October 17, 2005
MASTER CRAFTSMAN
Wit is his weapon (Barbara Kay, National Post, October 17th, 2005)
As a subject for serious inquiry, Canada tends to fall off the radar screen of nominally Canadian public intellectuals, such as The New Yorker's Malcolm Gladwell and the Washington Post's Charles Krauthammer, who made their careers outside our borders. Mark Steyn is atypical in this respect, and although he would probably shudder at being lumped in with our era's general run of left-wing academic intellectuals, is uniquely deserving of the title, "most influential Canadian public intellectual."The 1998 debut of the National Post introduced me to Steyn's writing. I was instantly gobsmacked by his quicksilver intelligence and merry iconcoclasm gushing forth in firehose-strength torrents of coruscating prose. I remember dashing off an e-mail to the editor, "Whatever you are paying Mark Steyn, it isn't enough."

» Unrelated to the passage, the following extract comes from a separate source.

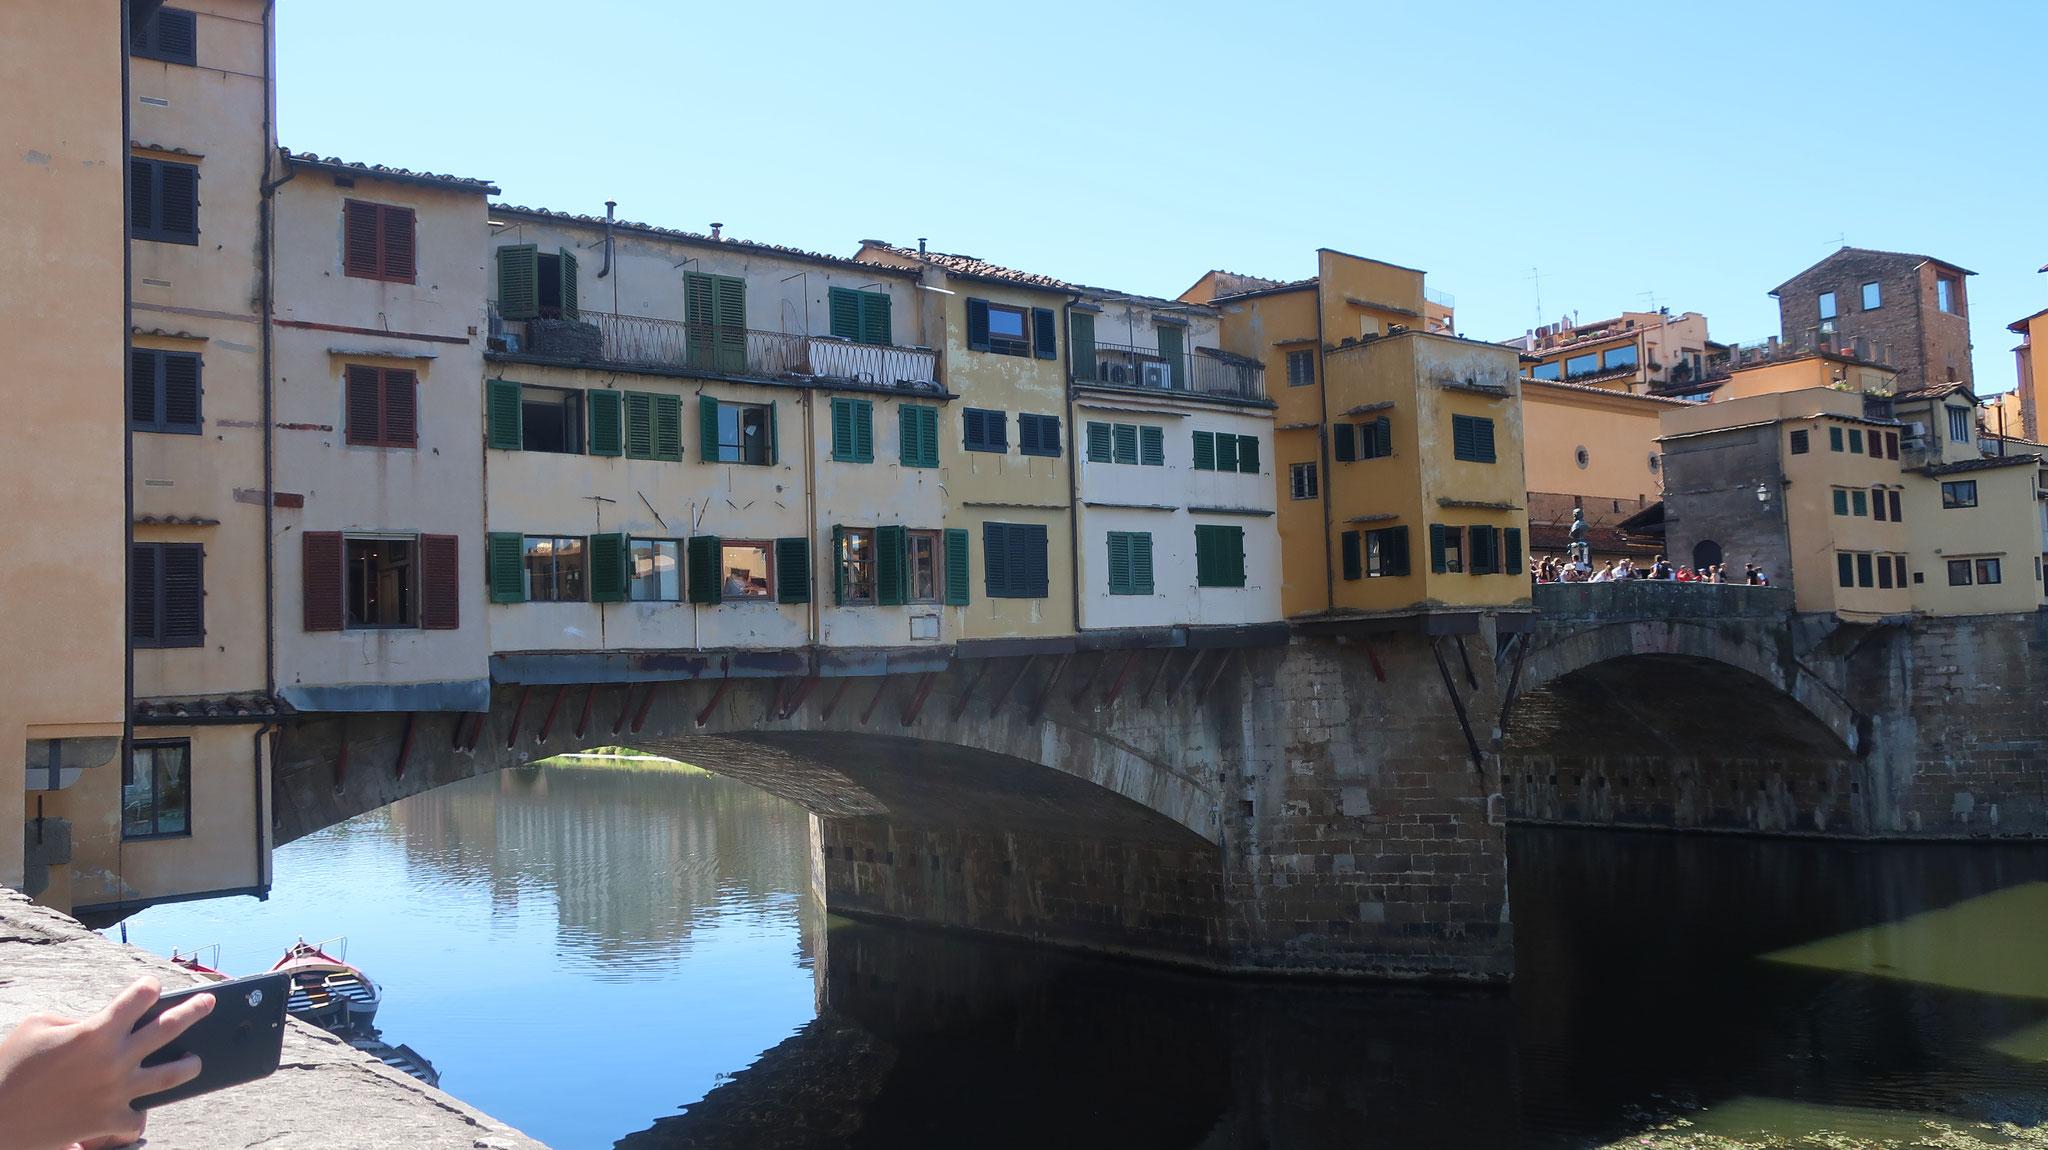 ヴェッキオ橋。メディチ家のフェルディナンド1世は、16世紀、橋の上に軒を連ねていた肉屋を立ち退かせ、宮殿周辺にふさわしい貴金属店や宝石店を集めました。

Although he is now an international mandarin of contemporary journalism, his editorial colleagues treat Mark Steyn almost as a creature of myth or legend. Nobody, for example, is sure where he now lives -- Canada, the United States or Britain. Former boss Barbara Amiel quips, "We believe he lives in an SUV that operates between New Hampshire and Quebec, but your best chance of sighting him is in Washington or London, where the list of people trying to see him ranges from Cabinet ministers to film stars."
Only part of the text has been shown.